Bien à toi, qui m’a donné l’occasion de parler de Gilles ^^
3 décembre 2014 à 12:51 Gnouros[Citer] [Répondre]
Je dois le confesser : beaucoup d’ironie dans ce commentaire.
En revanche, si j’apprécie de plus en plus la philosophie de Deleuze (une sorte de « devenir-Deleuze »), j’ai vraiment beaucoup de mal avec son style. Mais, au fond, ceci n’est peut-être qu’affaire de goût.
5 janvier 2016 à 19:08 Lüther[Citer] [Répondre]
Ah, le style de Deleuze.
On en parlera encore après ma mort.
Je le trouve plus équilibré quand il écrit avec Guattari ; j’aime la crasse mais fine ironie distillée dans ce billet, merci pour ces quelques secondes de rire irrépressible.
6 janvier 2016 à 21:53 Noblejoué[Citer] [Répondre]
Est-ce que les ongles ne sont pas l’équivalent des griffes des animaux ?
Donc de longues griffes peuvent paraitre aggressives à certains qui aggressent leur porteur, lequel peut les avoir laissé pousser par négligence… Mais non taillés les ongles renvoient encore plus à la nature donc à la sauvagerie et à la violence, déclenchant en retour la violence du critique.
Nous sommes des animaux assez particuliers, mais à la base, on l’oublie vraiment beaucoup, des animaux.
C’est bien pour ça que Mitterand c’est fait limer ses canines de « vampire ».

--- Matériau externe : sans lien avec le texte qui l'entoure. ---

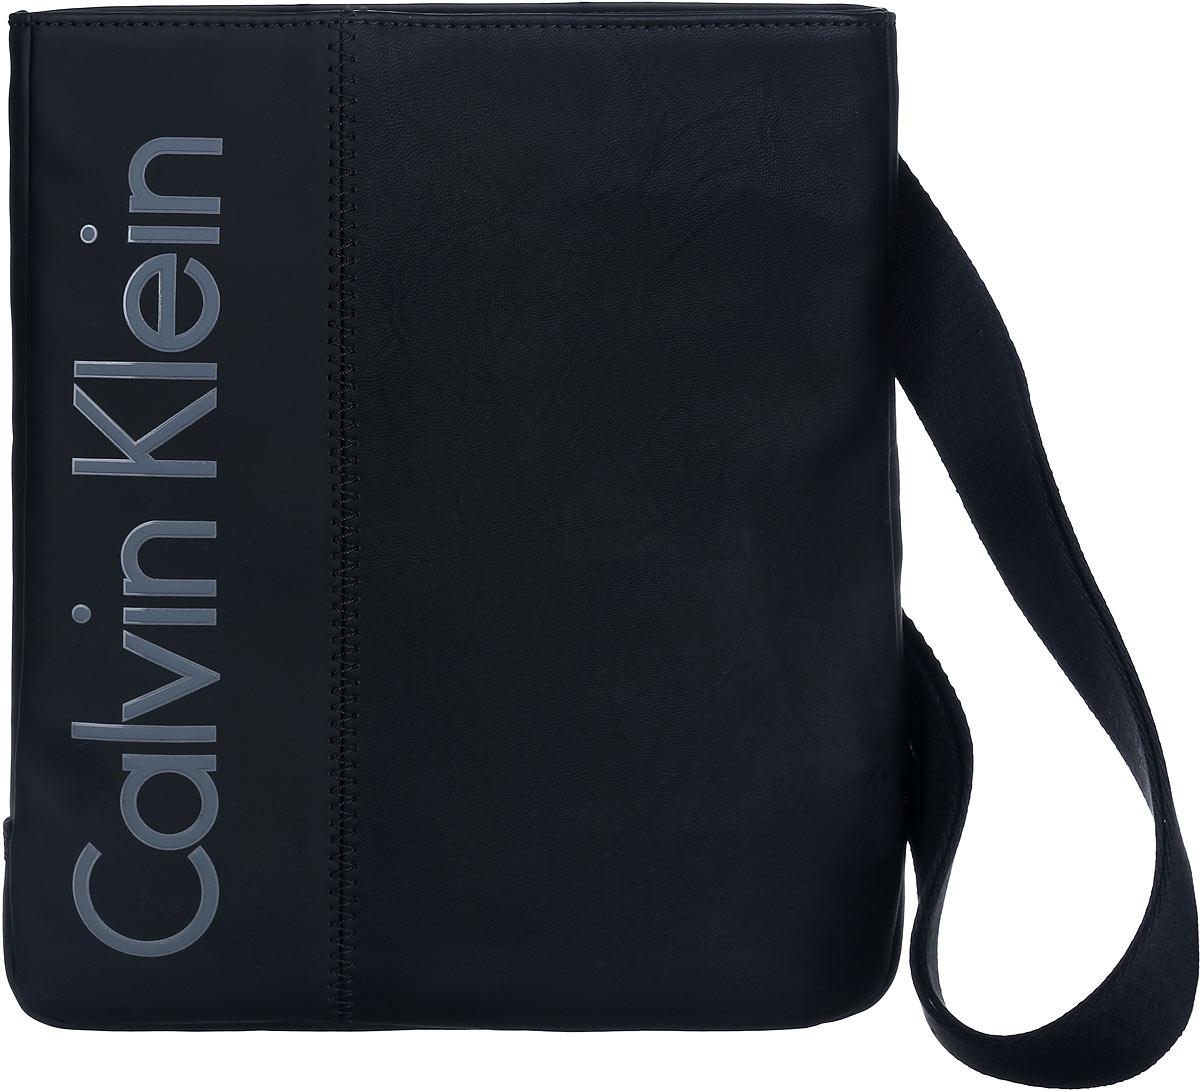 Сумка мужская Calvin Klein, цвет: черный. K50K501611_0010K50K501611_0010Стильная сумка Calvin Klein выполнена из полиуретана и хлопка, оформлена символикой бренда. Изделие содержит одно отделение, которое закрывается на застежку-молнию. Внутри сумки размещены накладной кармашек для мелочей и врезной карман на застежке-молнии. Сумка оснащена плечевым ремнем регулируемой длины. В комплекте с изделием поставляется чехол для хранения. Модная сумка идеально подчеркнет ваш неповторимый стиль.

14 juin 2021 à 23:24 K[Citer] [Répondre]
Dans l’extrait au début, il explique qu’il n’a pas d’empreintes digitales, sa peau est comme à vif au bout des doigts. Il dit que ses ongles le protègent. Au delà, je serais tentée de penser que cette contrainte esthétique, (comme d’autres se rongant les ongles de manière irrépressible parce qu’au fond, il en va de leur sensorialité), peut participer à mettre la personne en décalage, et l’obliger à développer cette prothèse mentale qui est chez lui la philosophie. D’où ce paradoxe de vouloir être imperceptible alors que pour quelqu’un qui l’observe selon le filtre des normes, il se disqualifie. C’est comme quand on est pris pour un garçon quand on est une fille, ça déclenche des avalanches de micro-procès comme : elle n’a qu’à mettre une jupe. Mais on ne fait pas ce qu’on veut de son corps : pour une partie majoritaire, il est, tout simplement. Et l’élagage social, qui reflète sans doute les majorités ne reflète pas plus l’excellence, que ne la reflète la foule.